THE DATA >>
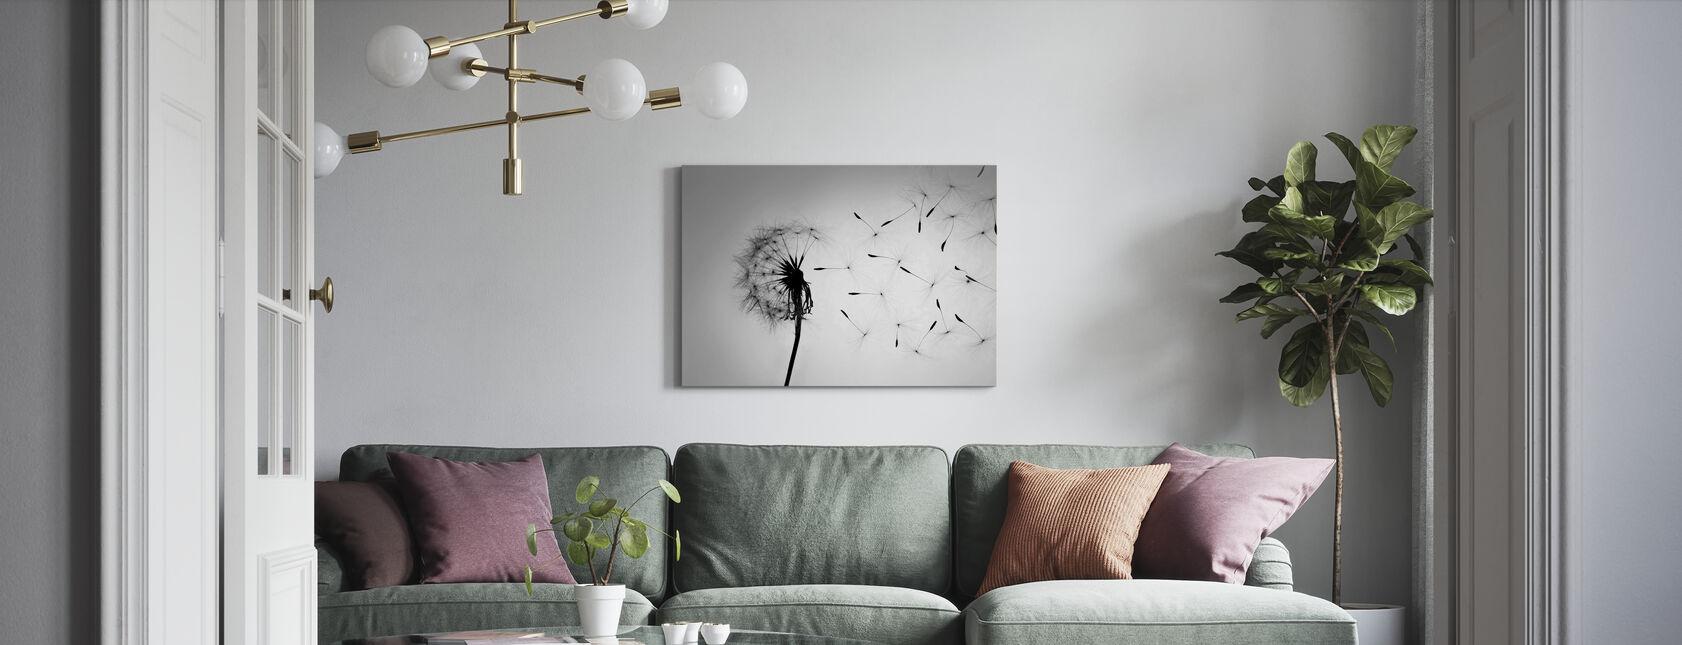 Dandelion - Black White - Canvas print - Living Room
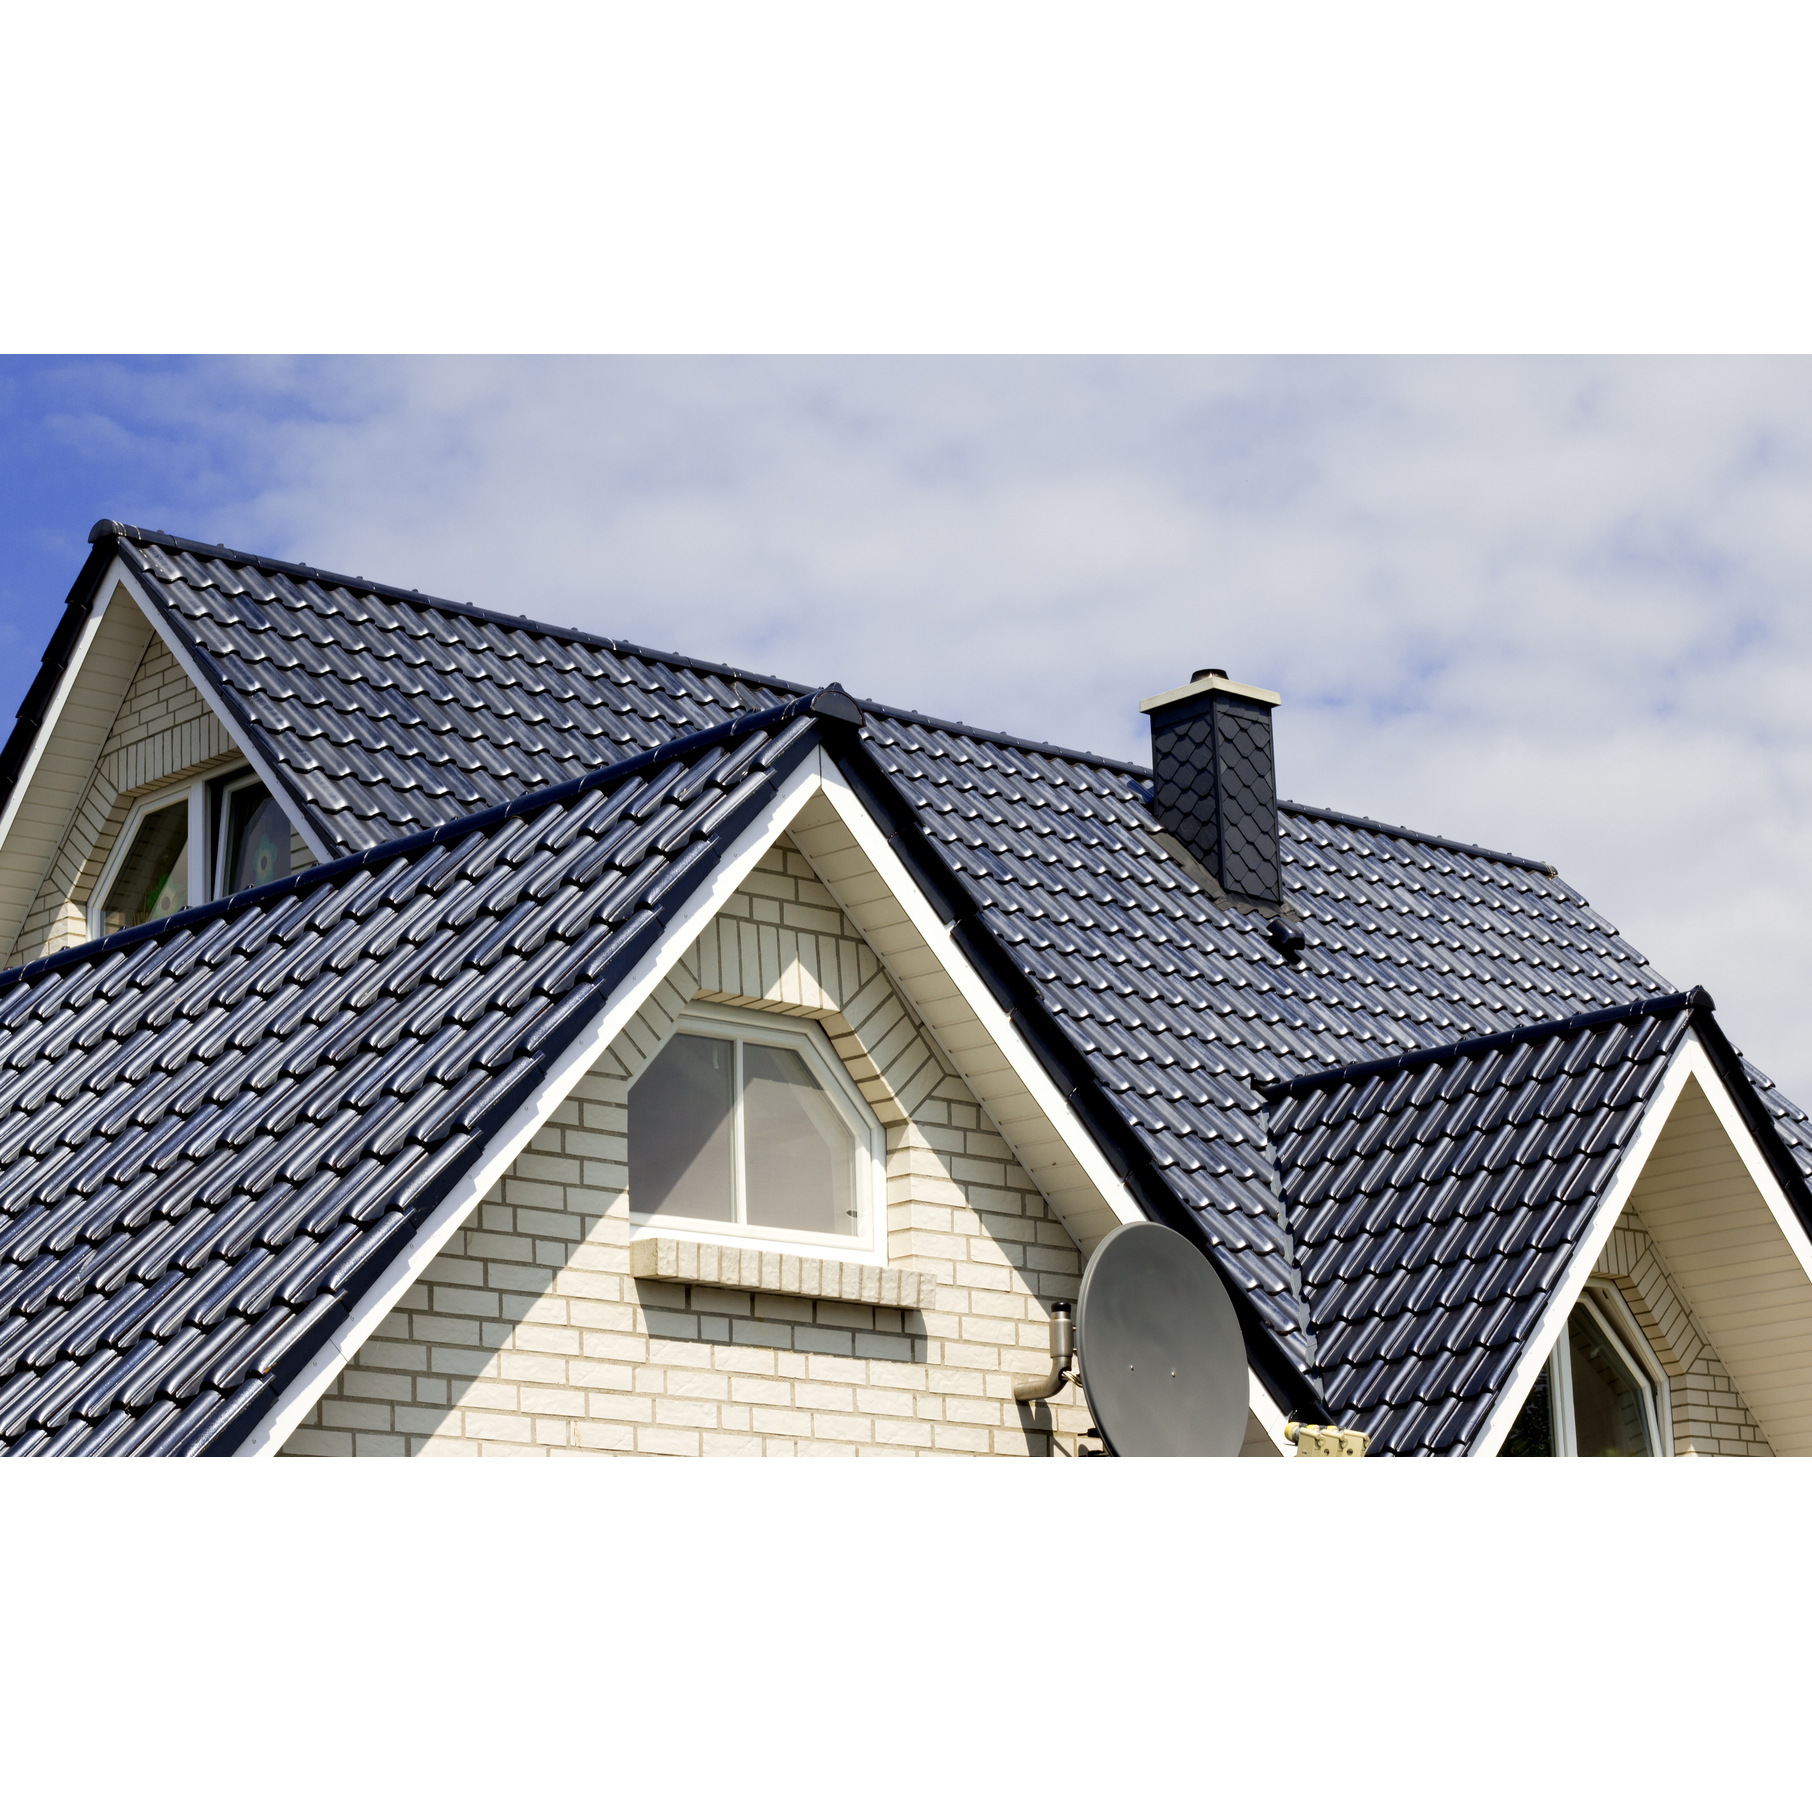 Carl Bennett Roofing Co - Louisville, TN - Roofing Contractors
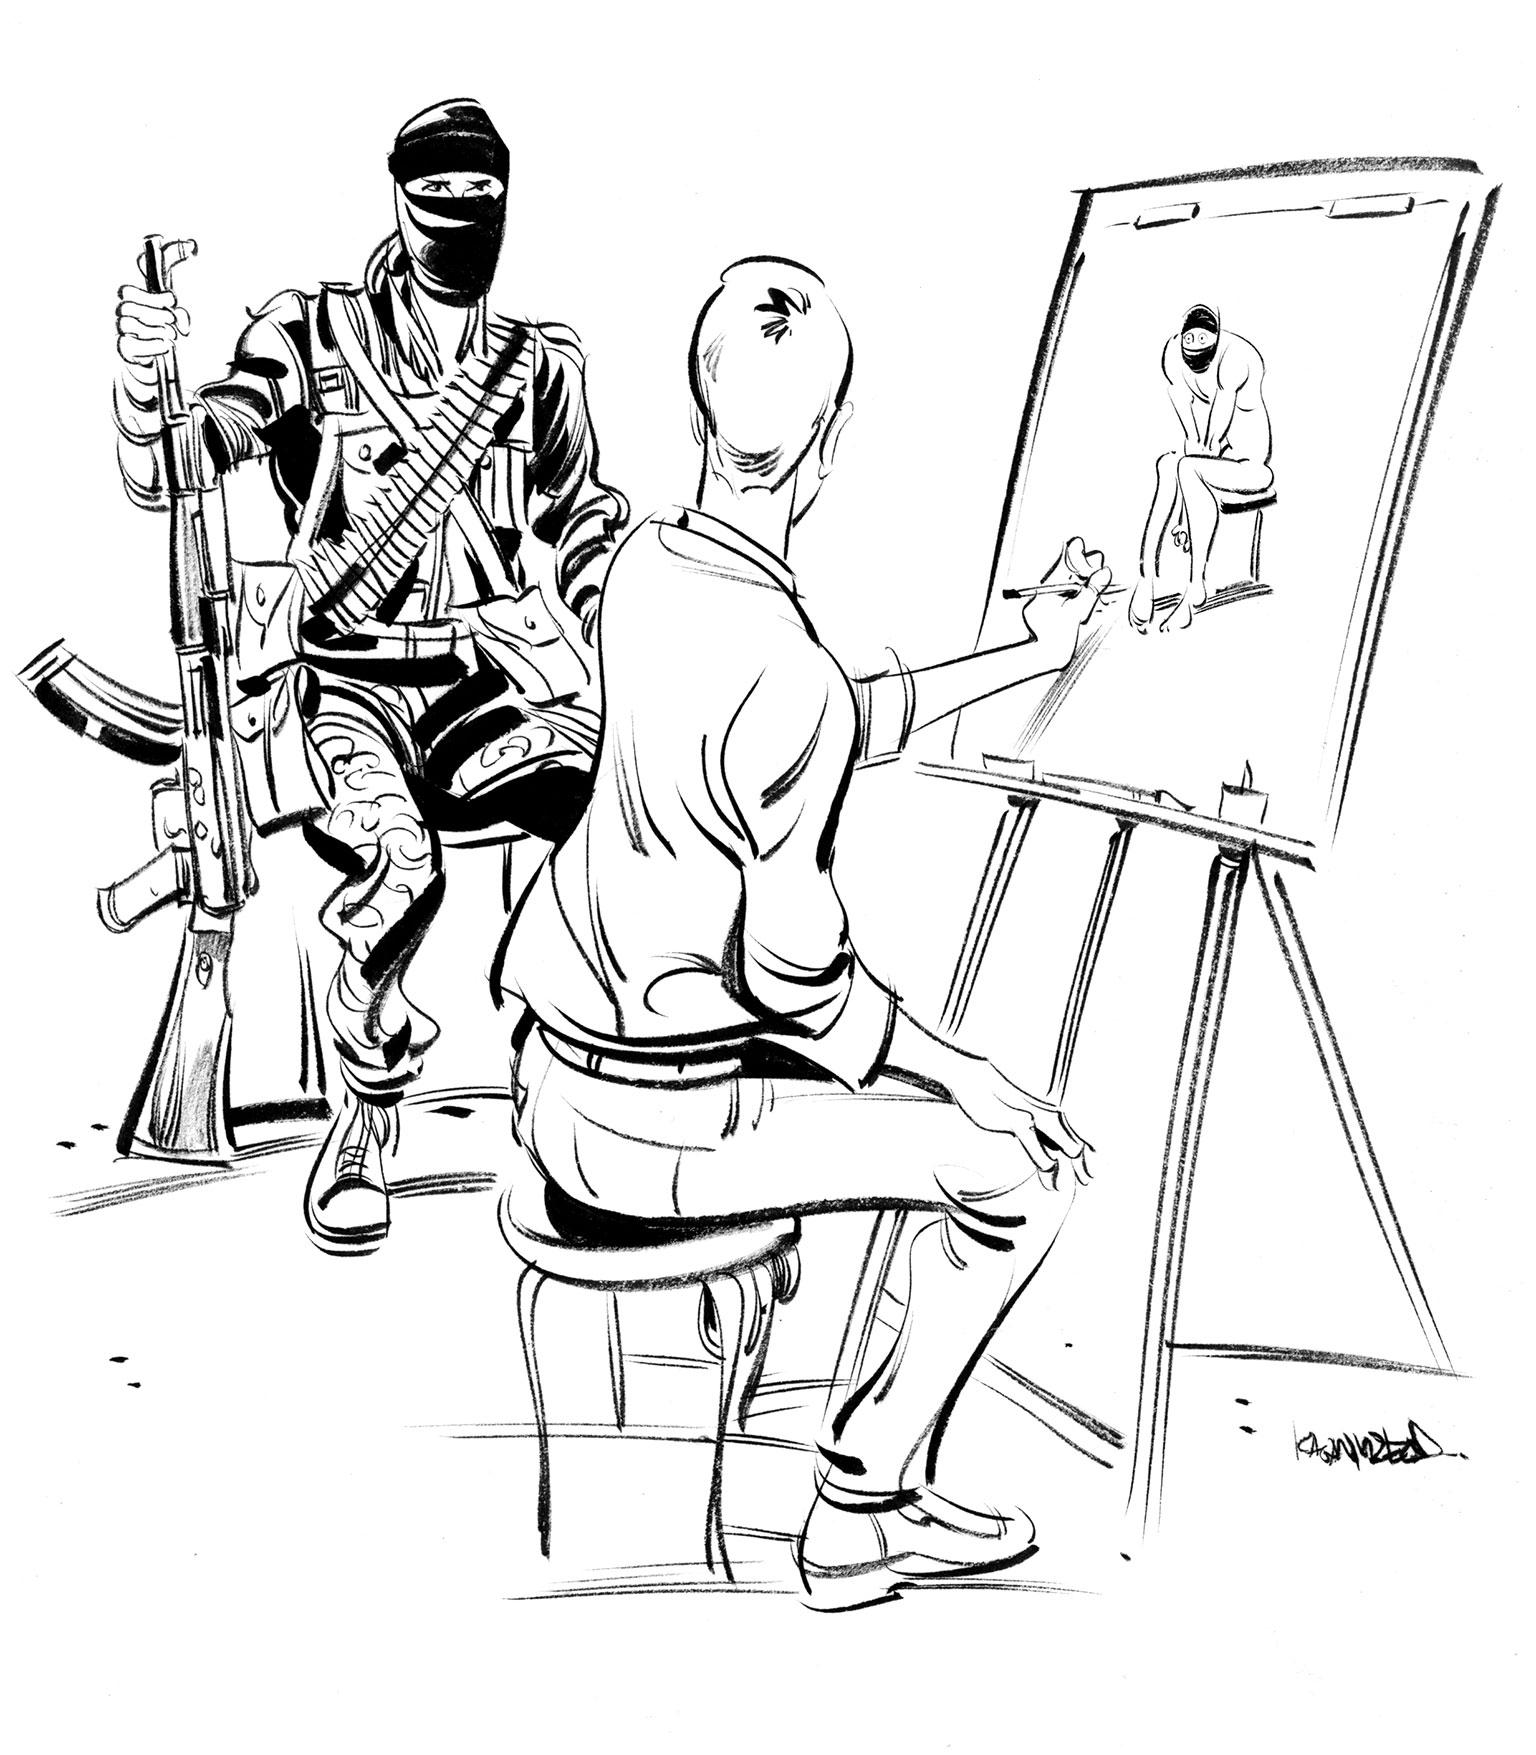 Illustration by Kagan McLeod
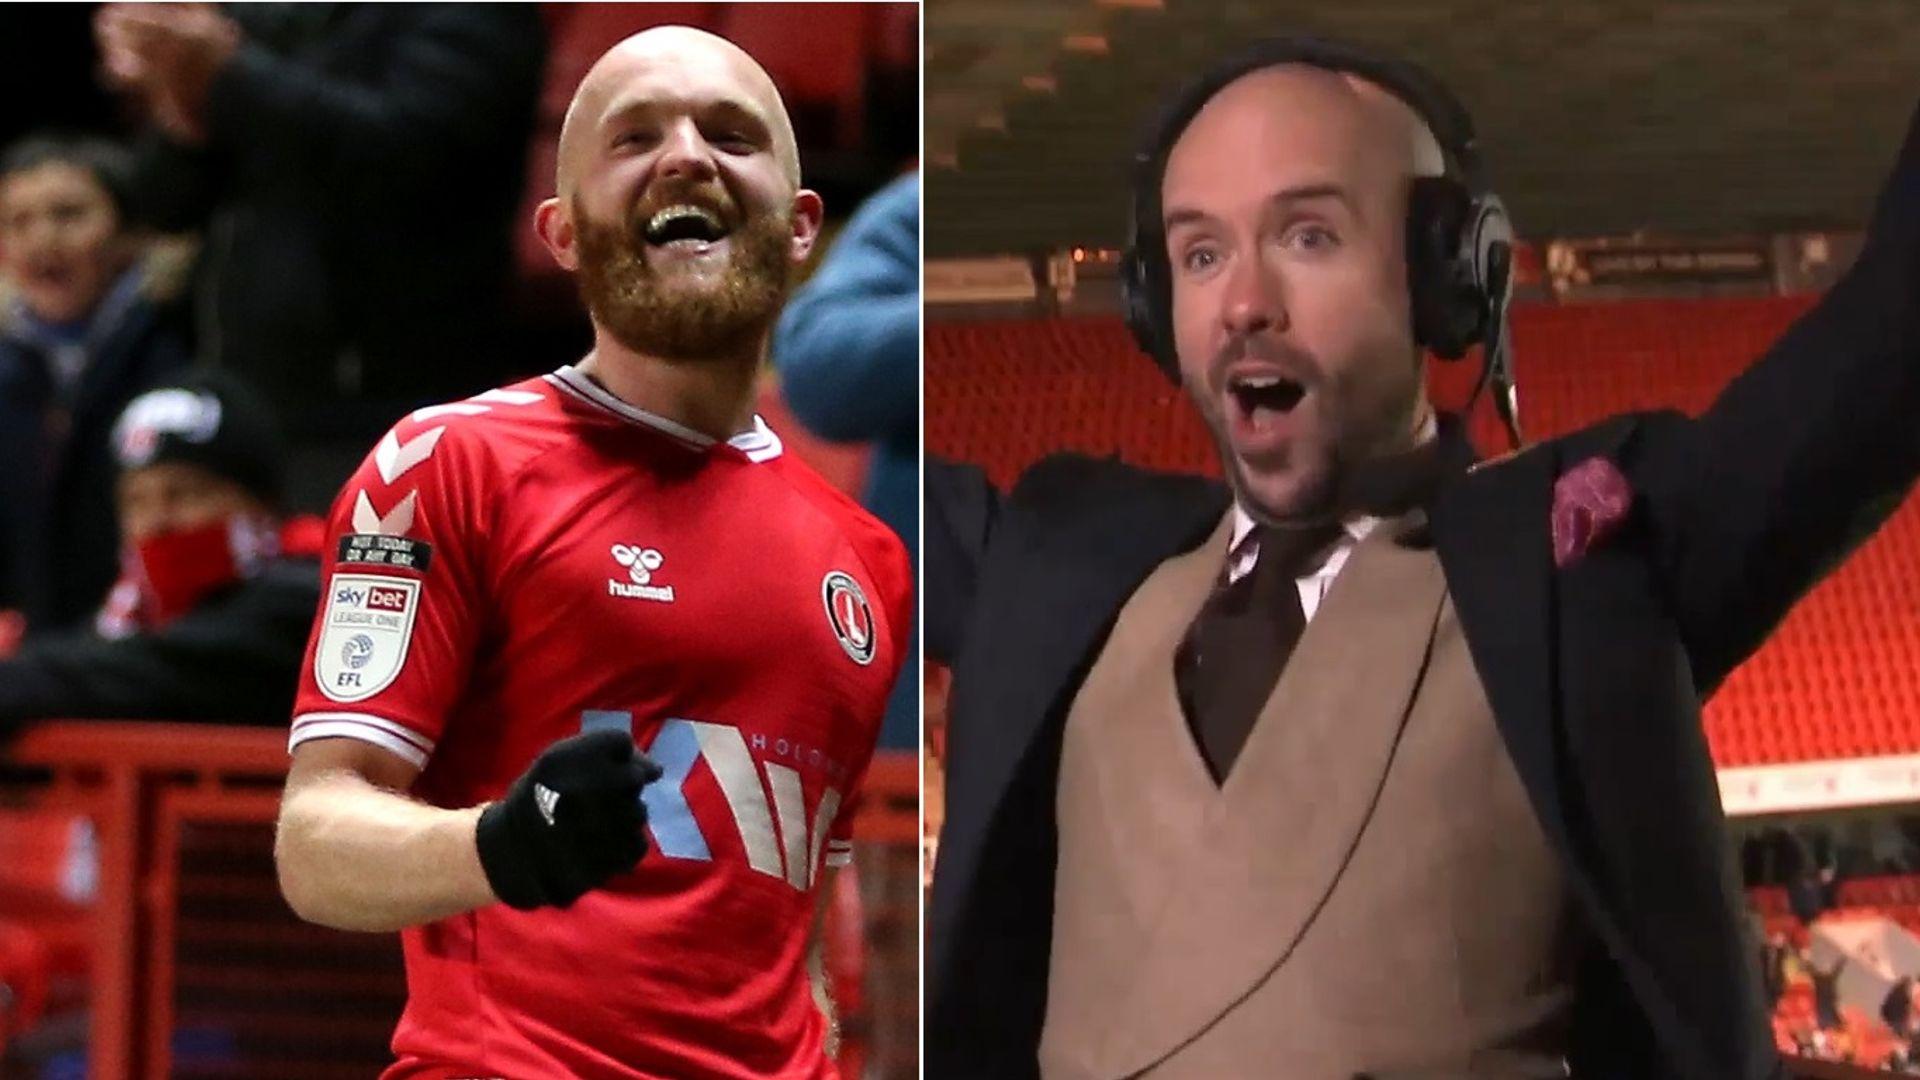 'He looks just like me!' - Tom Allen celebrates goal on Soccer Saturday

EXERCISE >> The answer must be an exact copy of the lines from the one with "Illustration by Kagan McLeod" through the final line above, both ends included, and nothing else; pictures stay out.

EXERCISE ANSWER >>
 Illustration by Kagan McLeod
 'He looks just like me!' - Tom Allen celebrates goal on Soccer Saturday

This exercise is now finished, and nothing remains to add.